Task details: This exercise calls for retyping every line below exactly, with the images omitted.

Segment Start: Data excerpt

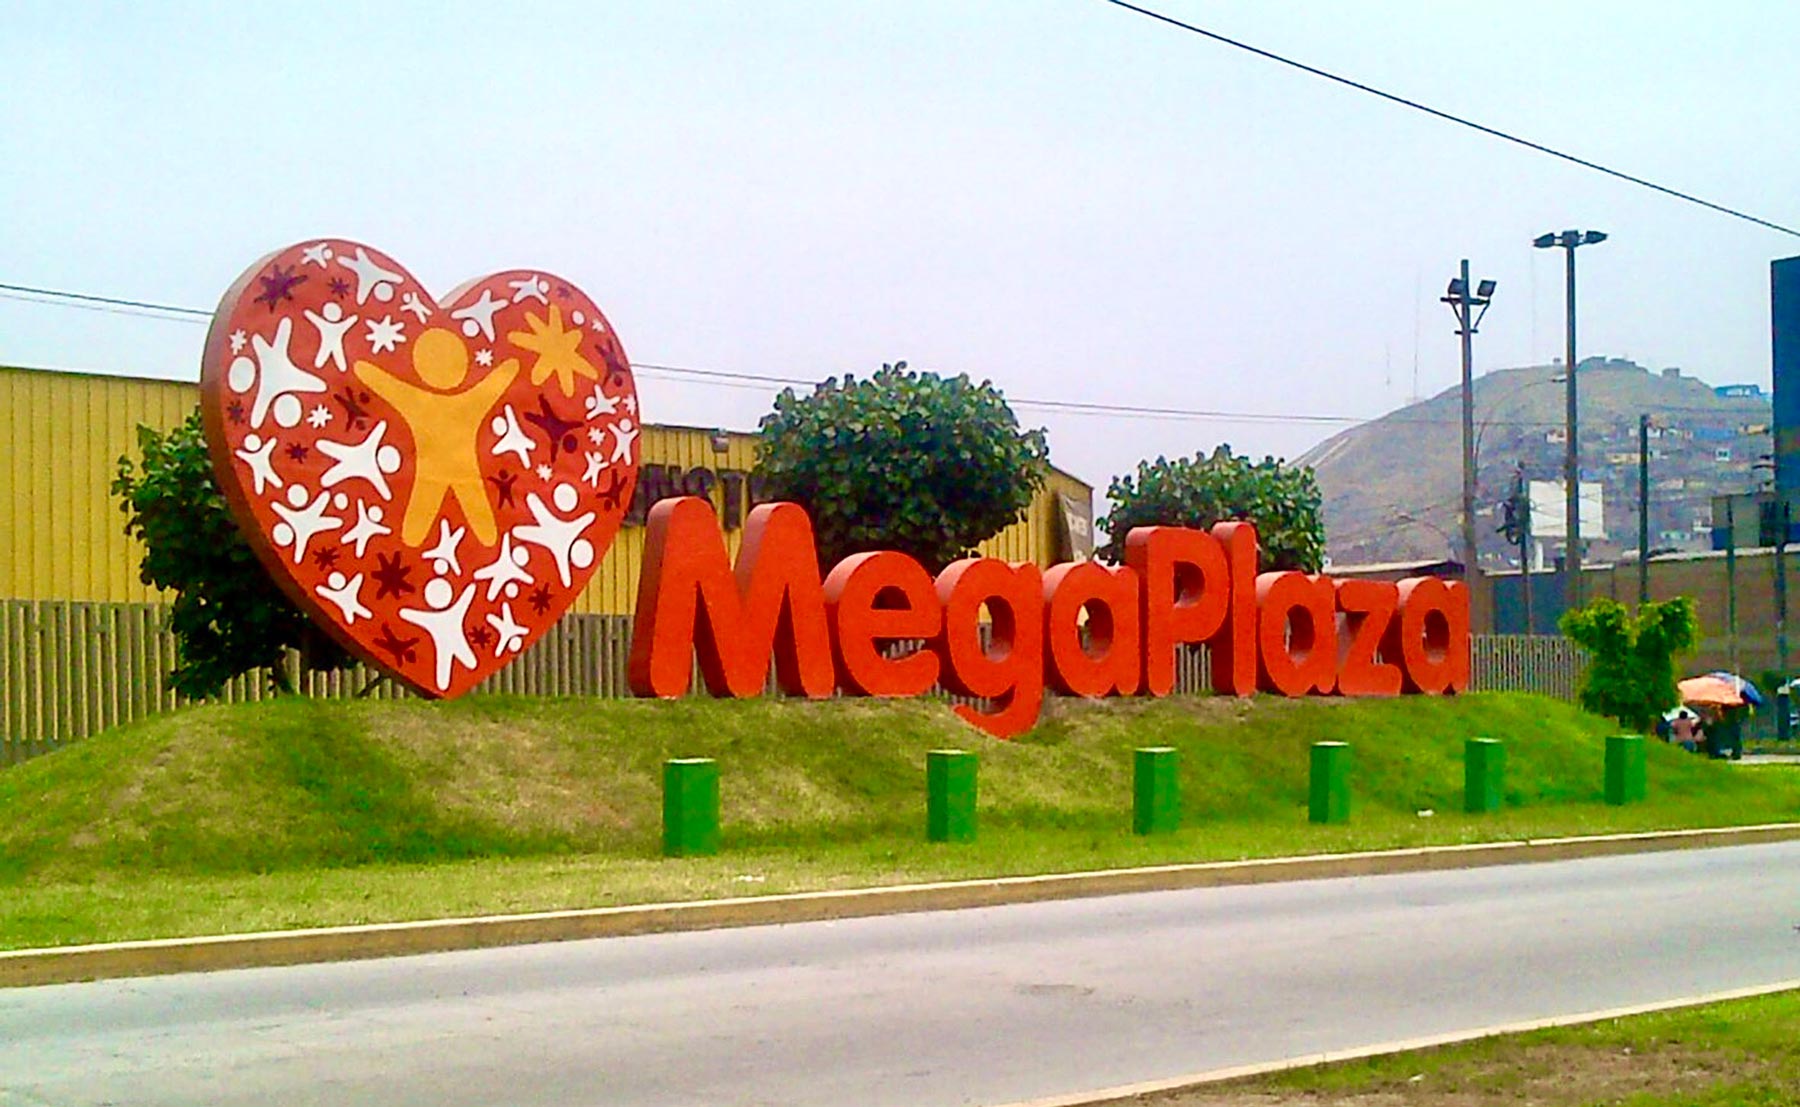 Megaplaza
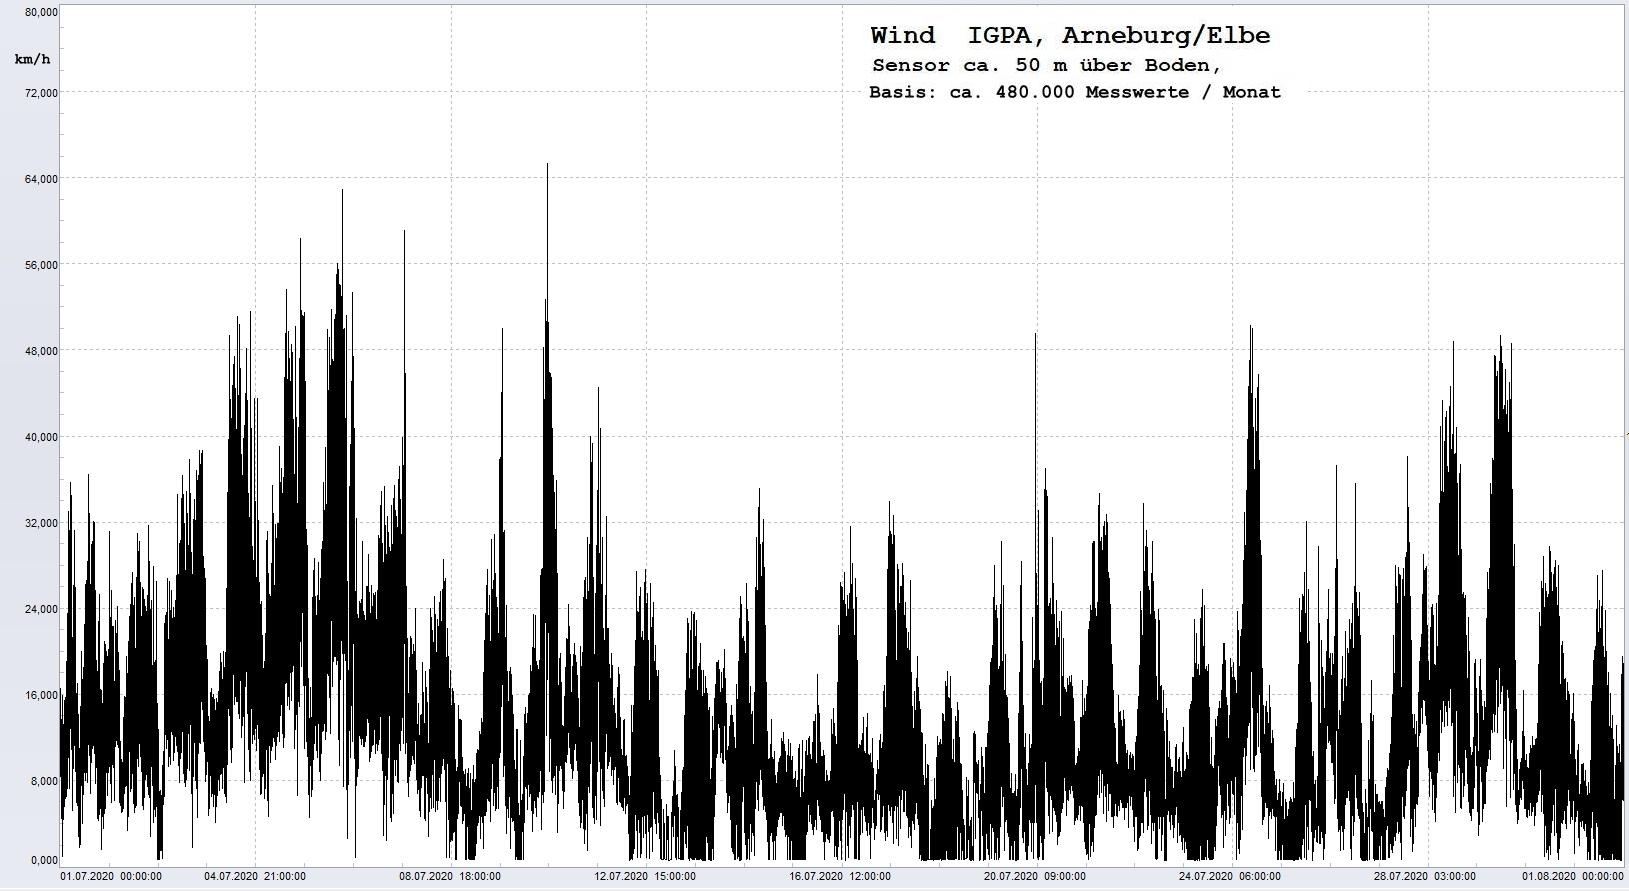 Arneburg Histogramm Winddaten Monat Juli 2020, 
  Sensor auf Gebude, ca. 50 m ber Erdboden, Basis: 5s-Aufzeichnung

Segment End: Data excerpt

Completed exercise:
 Megaplaza
 Arneburg Histogramm Winddaten Monat Juli 2020, 
  Sensor auf Gebude, ca. 50 m ber Erdboden, Basis: 5s-Aufzeichnung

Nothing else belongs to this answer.